Round 2: Wide receiver Jahan Dotson, Penn State

Few receivers in this draft boast the experience and the big-play ability of the speedy Dotson, who has 127 receptions for 2,021 yards and 19 touchdowns (and counting) for his career in 35 games. The only problem? Dotson’s size, as he’s listed at 5-foot-11, 184 pounds. But New England has never shied from taking smaller receivers, as long as they can produce on the field. And these first two picks would make Jones’ life a little easier in his second year. However, it’s possible Dotson won’t be available when New England is on the clock in the second round, as his stock is rising. Kiper listed him as his top receiver and No. 8 overall player in his latest mock. From Kiper: “Dotson is an explosive wideout having a great season. … He isn’t catching many screens and short routes — his average air yards per target is 12.2 yards, which is consistent with his four-year career at Penn State. He can break tackles after the catch. While Dotson had a few drops in 2019 and 2020, he hasn’t dropped any of his 35 targets this season. He’s on pace for a spectacular season.”

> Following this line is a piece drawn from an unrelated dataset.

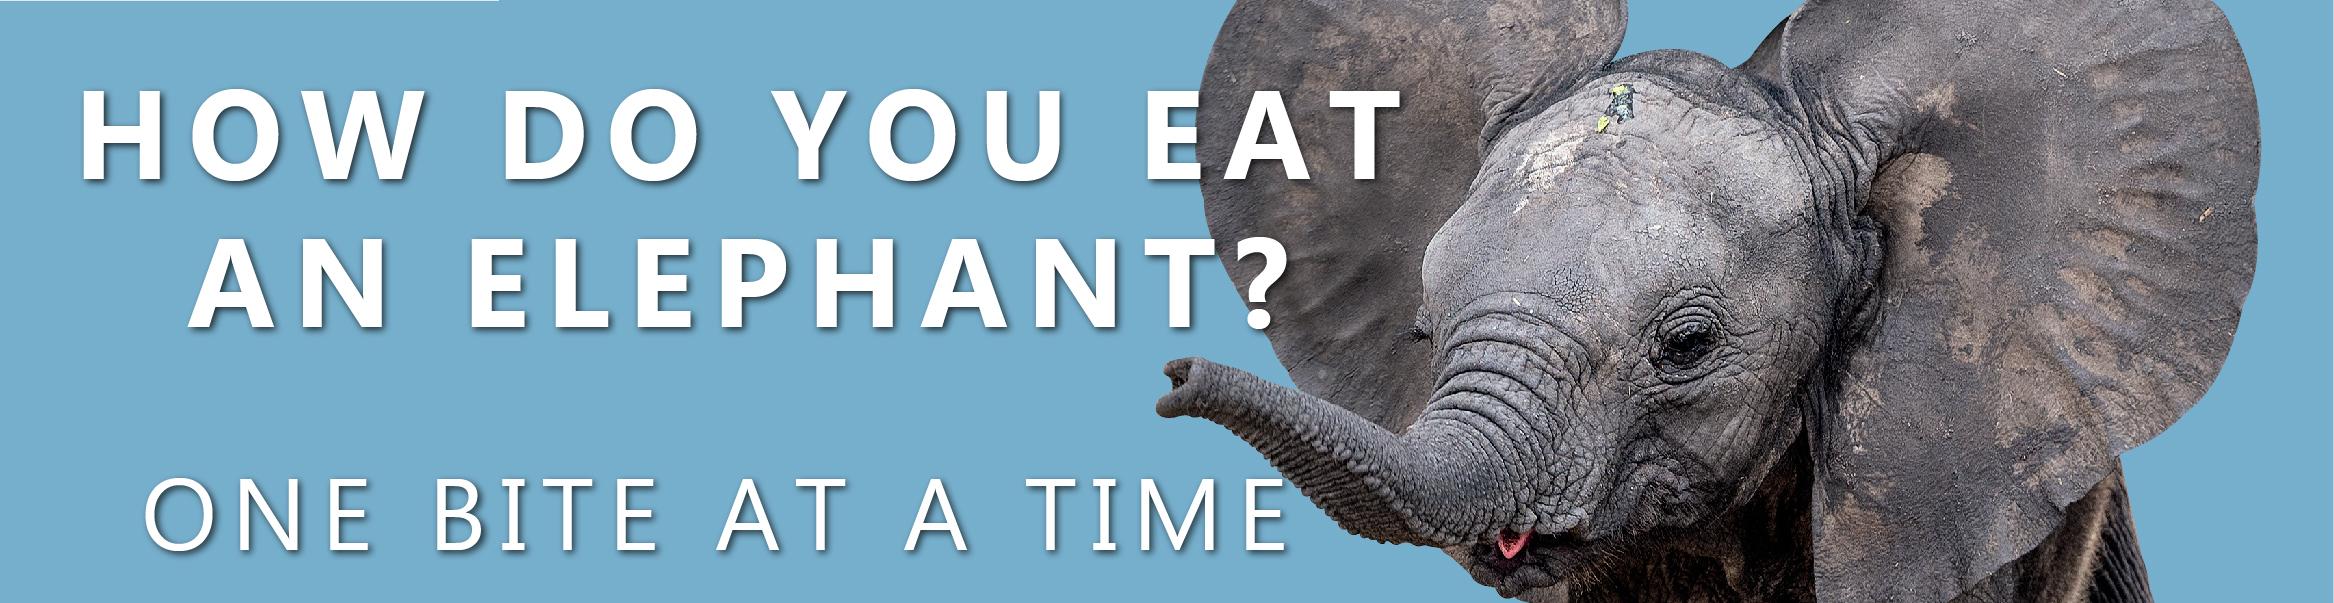 how do you eat an elephant - Cogo Capital

 Round 3: Cornerback Josh Jobe, Alabama

The 6-foot-1, 194-pound senior isn’t the playmaker that previous recent Alabama CBs were, like Patrick Surtain II or Trevon Diggs. But he still has plenty of experience and great size for the position. Plus, New England isn’t shy about taking an Alabama player. Since 2010, the Patriots have drafted 20 players from Alabama, including four in the past three drafts. Jobe would give the team options if it can’t re-sign Jackson. Is that asking too much of a third-round rookie? Maybe so, but Jobe has played in 30 games against some of the best competition in college football. One area of concern is penalties, as Jobe committed 11 last season, seven more than the next player on the list, according to Rival’s BamaInsider.

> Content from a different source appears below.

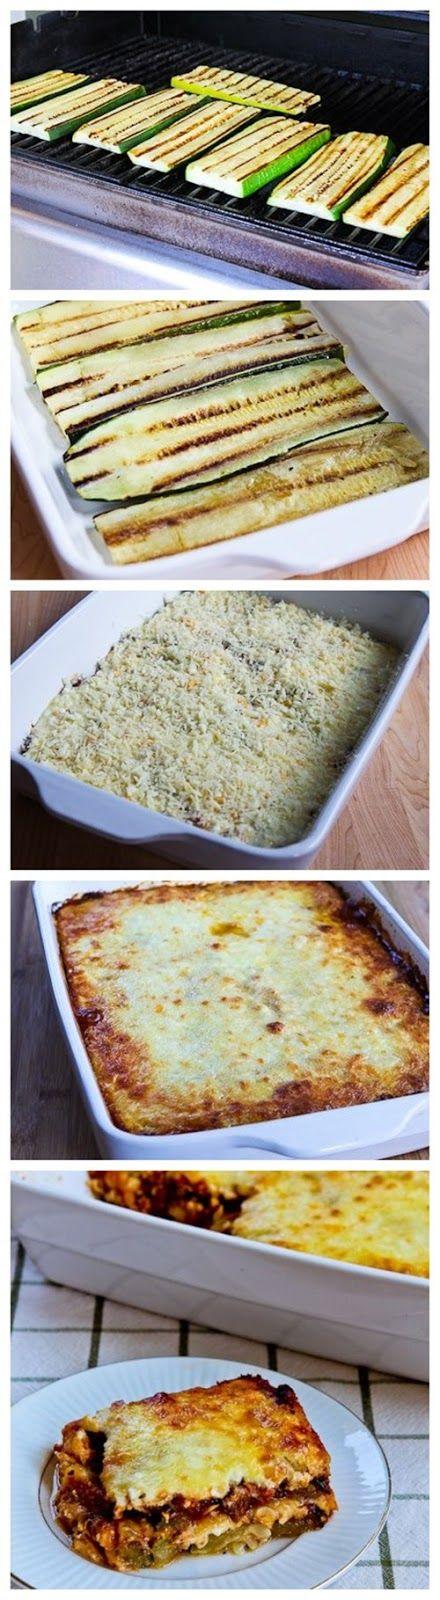 "Grilled Zucchini ""Lasagna"" With Italian Sausage, Tomato ..."

Round 4: Safety Leon O’Neal, Texas A&M

Texas A&M has a pair of safeties who will likely play at the next level in O’Neal and Demani Richardson. The 6-foot-1, 210-pound senior has 123 tackles, 9 TFLs, 17 PDs and 6 INTs for his career. While the Patriots aren’t shy about drafting a player from Alabama, they haven’t drafted an Aggie since 2008, when they drafted two. O’Neal has a PFF grade of 78.5 for the season, good for fourth-best among Texas A&M defenders. ranks O’Neal as the fourth-best safety in the draft, saying: “O’Neal is an early surprise this high on this list because his ability in run support has improved so much.”

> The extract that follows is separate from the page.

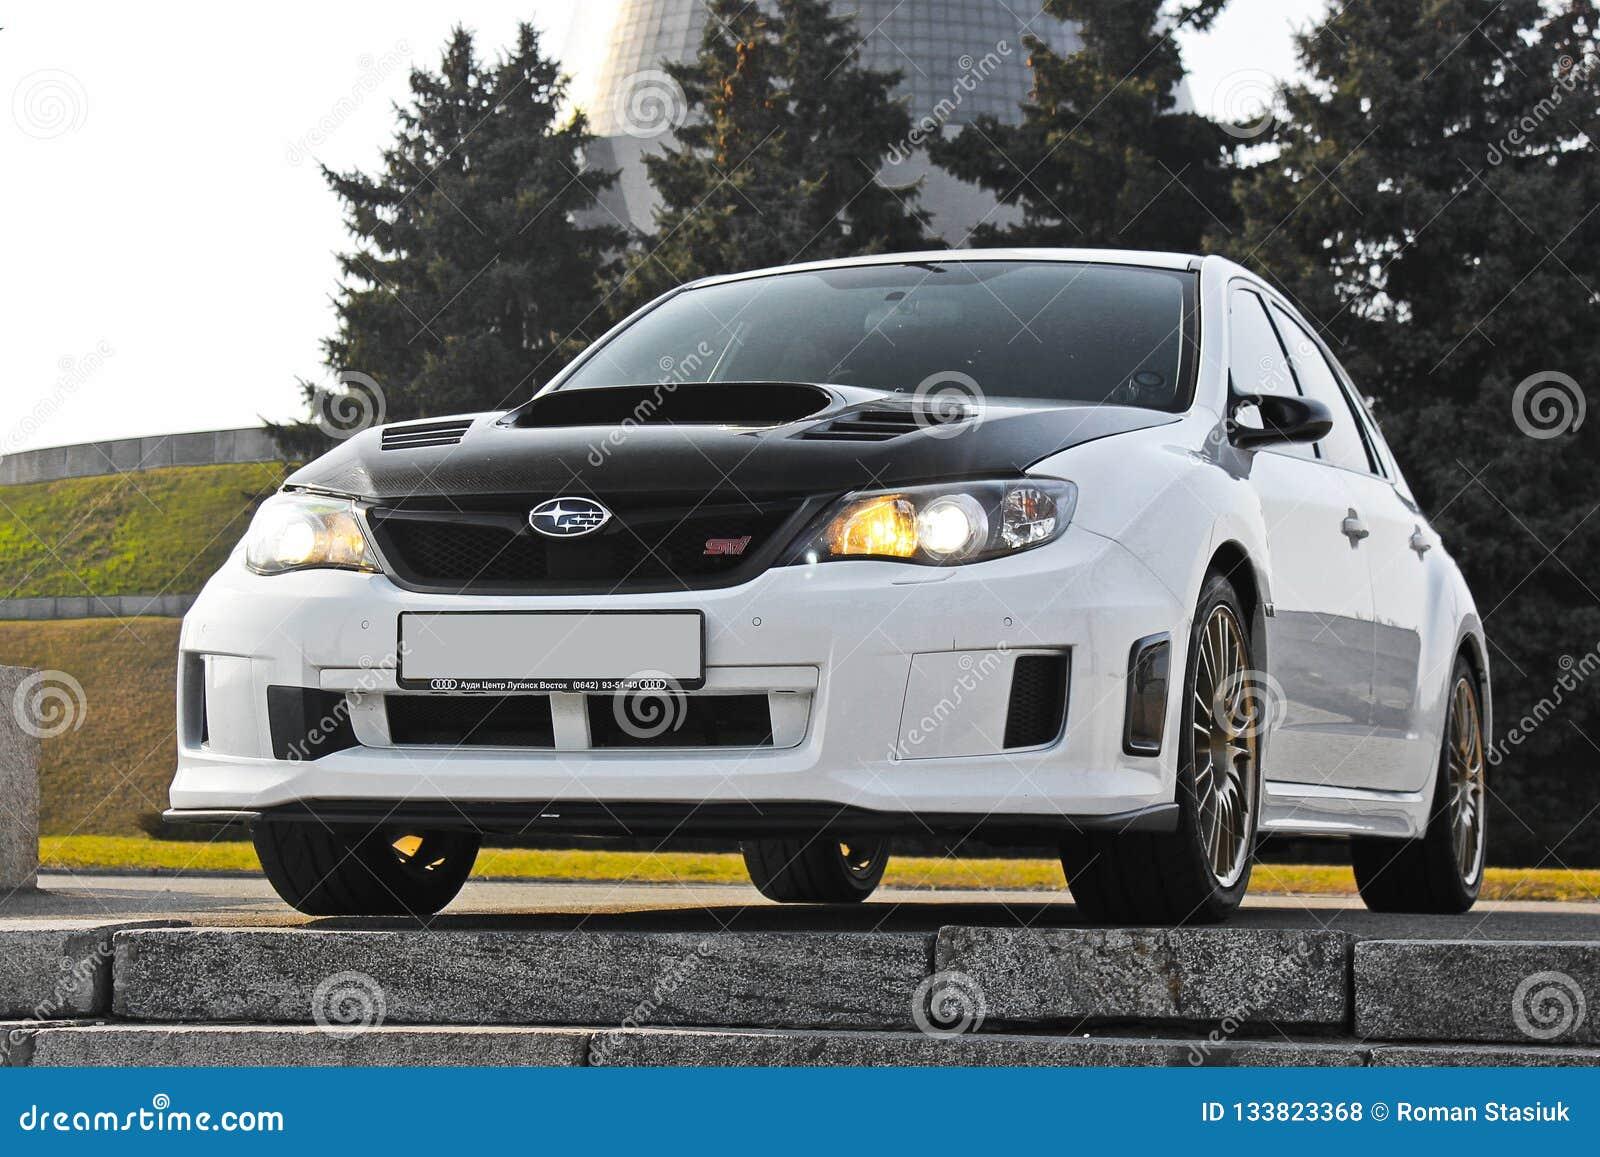 Kiev, Ucraina; 20 gennaio 2014 STI di Subaru Impreza WRX

Round 6: Linebacker Nate Landman, Colorado

The Patriots already have a couple of recent draft picks at this position who are starting to get more playing time – and are playing well – in 2018 fifth-rounder Ja’Whaun Bentley and 2020 second-rounder Josh Uche. While Uche has only received 81 snaps, he’s primarily being used on passing downs, where’s having a big impact with 3 sacks. Bentley, though, would be the most likely replacement for Hightower if Hightower doesn’t return after the season. And Ronnie Perkins of Oklahoma hasn’t seen the field this season due to injuries, but expect the team to get a look at the rookie third-rounder sometime soon. That’s why linebacker isn’t a huge need, at least in terms of the players-in-waiting, but it would be hard to pass up on the 6-foot-3, 235 pound Landman. The senior has played in 41 games (and counting), racking up 330 tackles, 41 TFLs, 10 sacks, 3 INTs and 10 PDs for his career. He’s also ranked as the 146th-most impactful player in college football, regardless of position or age, according to On3. He’s not expected to put up elite numbers at the Combine, though, which would be the reason why he’s still available on Day 3.